During the NATO bombing of Yugoslavia in 1999, many power plants have been severely damaged. With the establishment of the UNMIK administration in Kosovo on 1 July 1999, the company lost its access to the local coal mines and power plants, including Kosovo A and Kosovo B power plants.

Since then, government-owned Elektroprivreda Srbija by political decision continued to pay off earnings to all of Kosovo-based EPS companies - EPS Surface Mining Kosovo, EPS TPP Kosovo and EPS Elektrokosmet. However, all these employees are not working in Kosovo-based power plants, and are only occasionally and indirectly employed by EPS throughout the rest of Serbia. As of May 2009, there was a total of around 7,000 such employees which were working only on paper and receive regular earnings. As of June 2017, that number was cut to 4,539 employees. As of August 2022, a total of 3,300 employees worked for these three companies.

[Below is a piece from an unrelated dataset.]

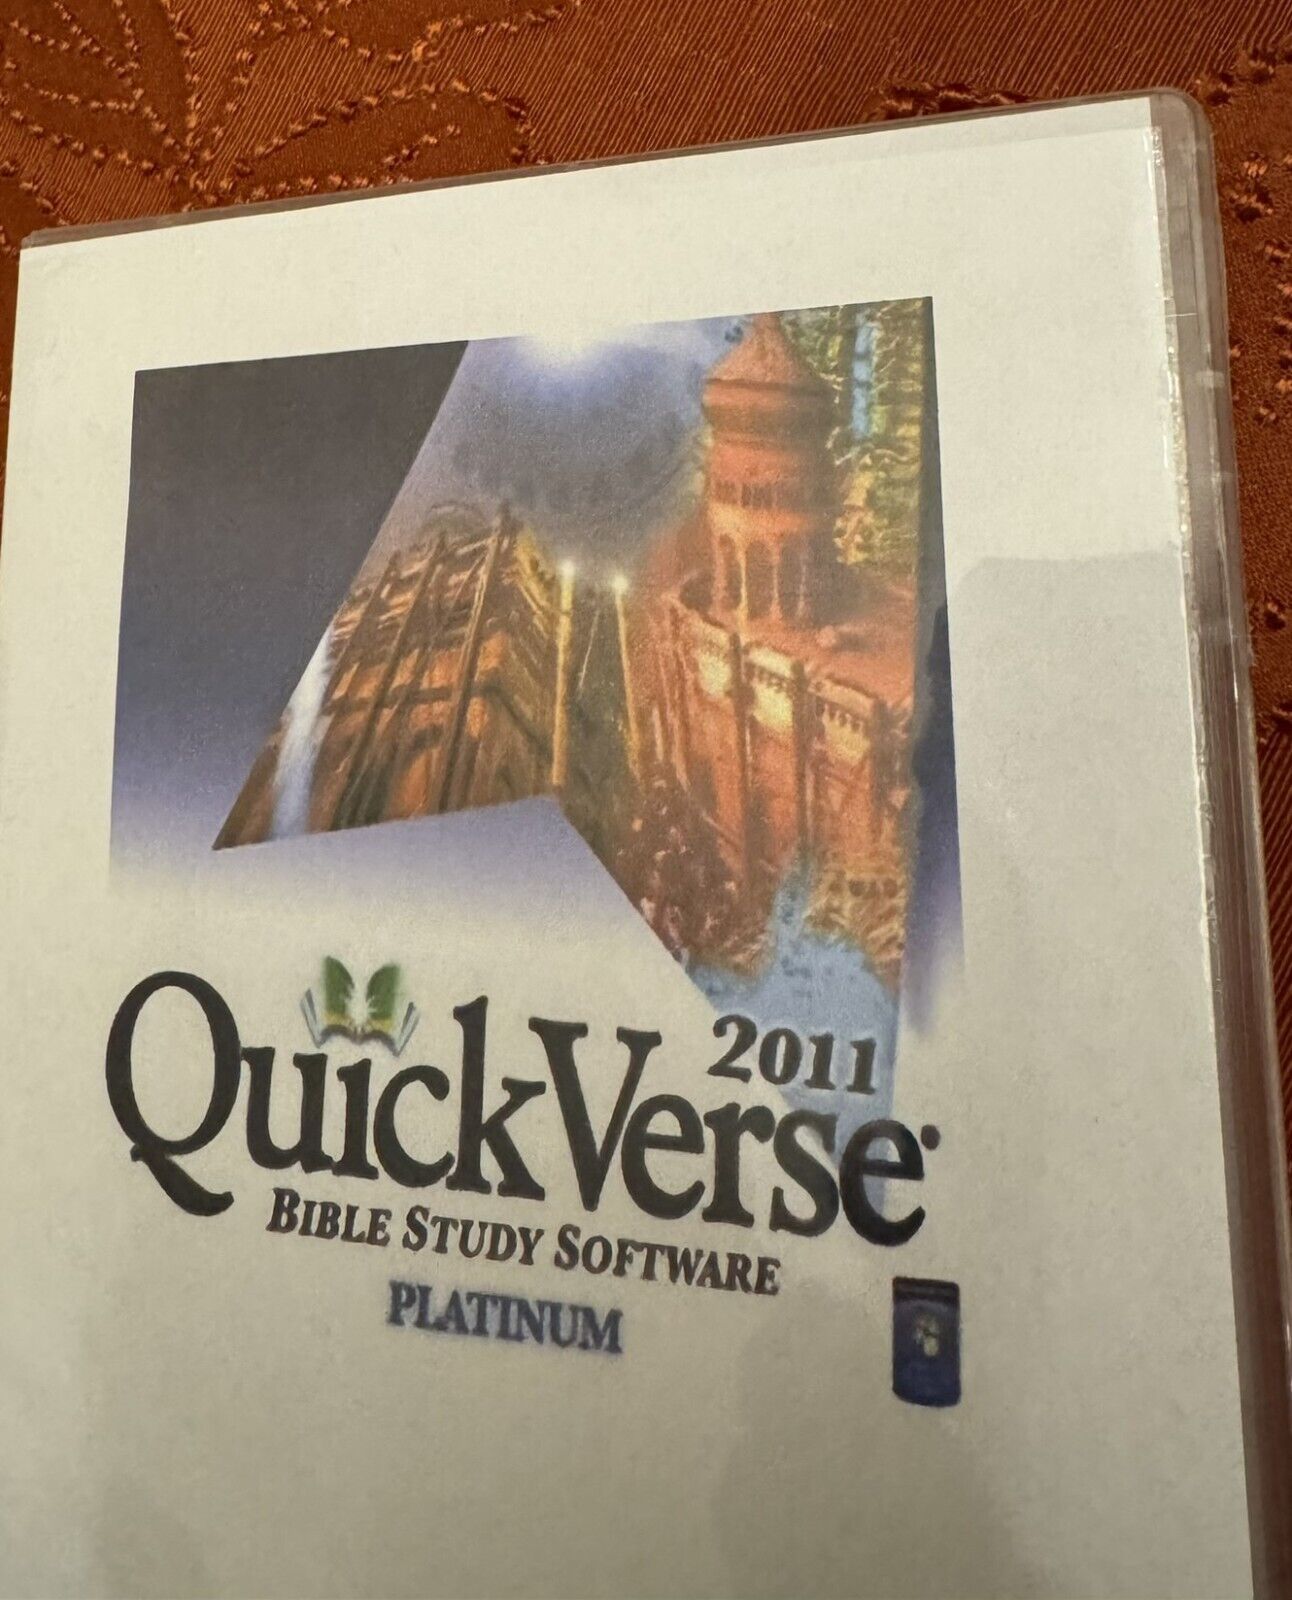 QuickVerse 2011 Platinum Bible Software for Windows

Following the stabilization of the country after war, in 2004 EPS was again a member of the European interconnected system UCTE.

- 2005–2013
Company operates in the current form since 1 July 2005. Then, the electric power transmission division of EPS was split from the company and established as its own public enterprise, named Elektromreža Srbije (EMS).

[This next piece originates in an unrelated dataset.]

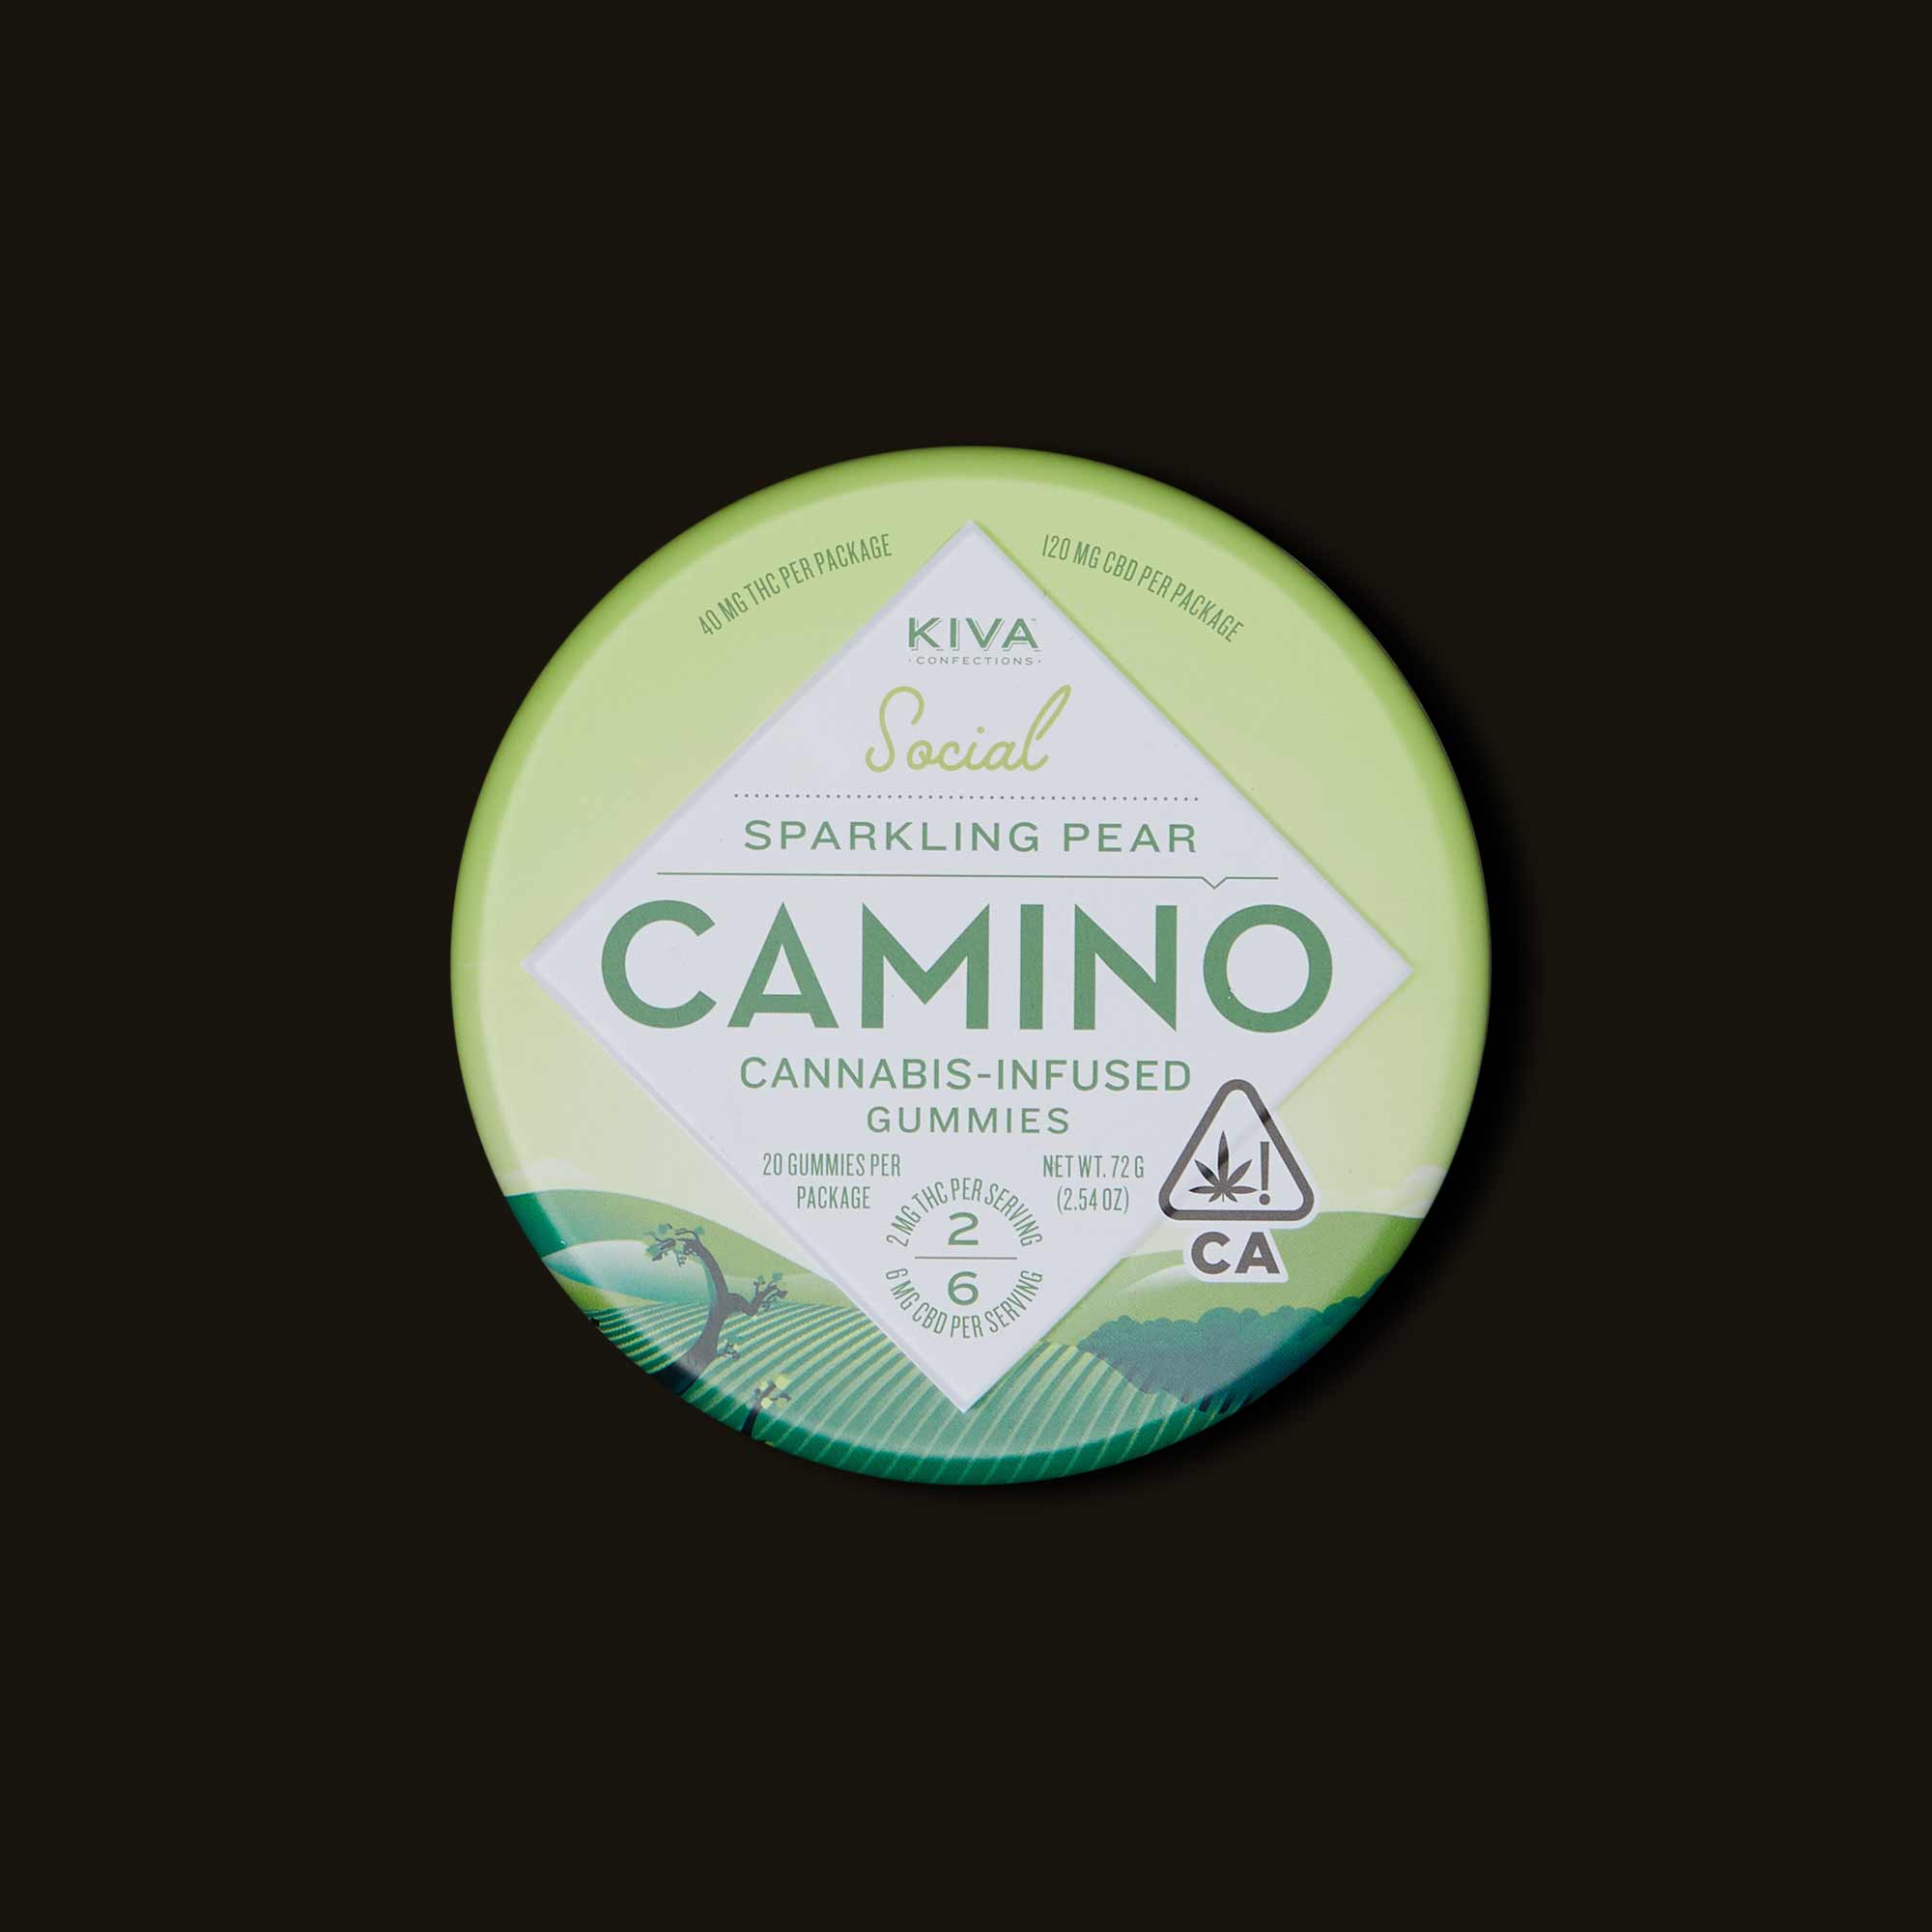 Kiva-Sparkling-Pear-Camino-Gummies-Front-CA-1699-793434

Since 2007, EPS has prepared plans for the construction of new power plants and the expansion of existing plants to increase generating capacity and meet growing consumption demand.

- 2013–2023
EPS de facto holds a monopoly on the electricity market in Serbia. Since 1 January 2013, the Serbian electricity market has been open to other companies with the expectations to be completely liberalized in the coming years. Since then, EPS has continued with further reorganization for better company's effectiveness. In 2014, EPS was split into two subsidiaries - EPS Distribucija Belgrade and EPS Trgovanje Ljubljana. In June 2021, the distribution system section of the company "EPS Distribucija" was split from the company, and continued to operate as an independent company named "Elektrodistribucija Srbije d.o.o. Beograd".

- 2023–present
In April 2023, the Government of Serbia decided to transform the company from the state-owned enterprise to a joint-stock company – offering 36.5 million of shares, each worth 10 thousand dinars (at the time, 85.26 euros each), for a cumulative worth of stock at 3.112 billion euros.

==Market and financial data==
In 2011, company's total assets and the equity increased for nearly 100 percent.

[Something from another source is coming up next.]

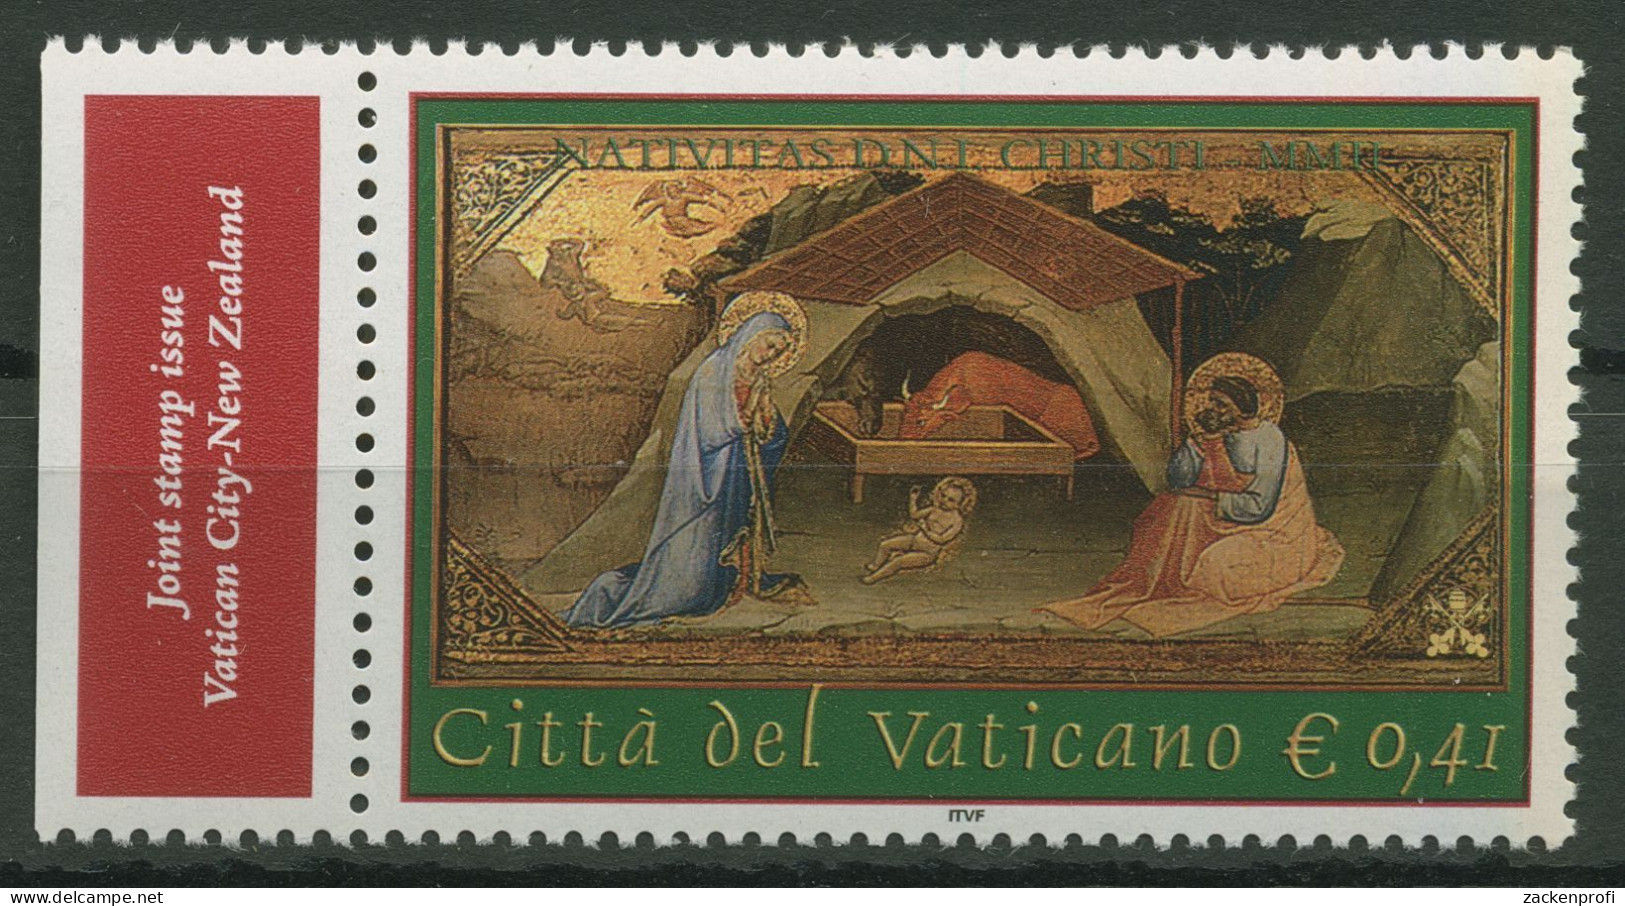 Vatikan 2002 Weihnachten Altartafel 2427 Postfrisch - Ongebruikt

According to the consolidated annual report in 2012, total assets of this company dropped from €12.049 billion to €9.446 billion, and the total company's equity dropped from €8.909 billion to €6.867 billion, with the negative net income of 108.51 million euros. In 2013, the company managed to become profitable for the second time since 2007, with annual net profit of €167.23 million. From 2013 to 2016, EPS has continued trend of posting positive annual net results. After years of posting positive net results, Elektroprivreda Srbije had negative net income of 11 million euros for 2018 calendar year.

==Subsidiaries==
- EPS Trgovanje Ljubljana

==Major power plants==
- TPP "Nikola Tesla A" (Obrenovac)
- TPP "Nikola Tesla B" (Obrenovac)
- HPP "Đerdap I" (Kladovo)
- HPP "Đerdap II" (Kladovo)
- TPP "Kostolac" (Kostolac)
- HE "Bajina Bašta" (Bajina Bašta)

==Allegations of corruption==
In 2011 EPS was under the investigation by the police and the national anti-corruption body. Allegations were related to RB Kolubara (EPS's subsidiary) management which was found to be implicated in a number of different schemes involving equipment procurement and leasing and the sale of coal. In October 2011 authorities arrested 17 people, including two former directors of the Kolubara mine Dragan Tomic and Vladan Jovicic, eight executive managers and seven owners of private firms with which Kolubara conducted business. In April 2014 the Organized Crime Prosecutor has issued an official order for the police to look into the allegations about possible wrongdoings at the EPS. The allegations were based on the report of the Anti-Corruption Council which showed discrepancies in the quantities of electricity imported and exported by EPS from 2010 to 2012.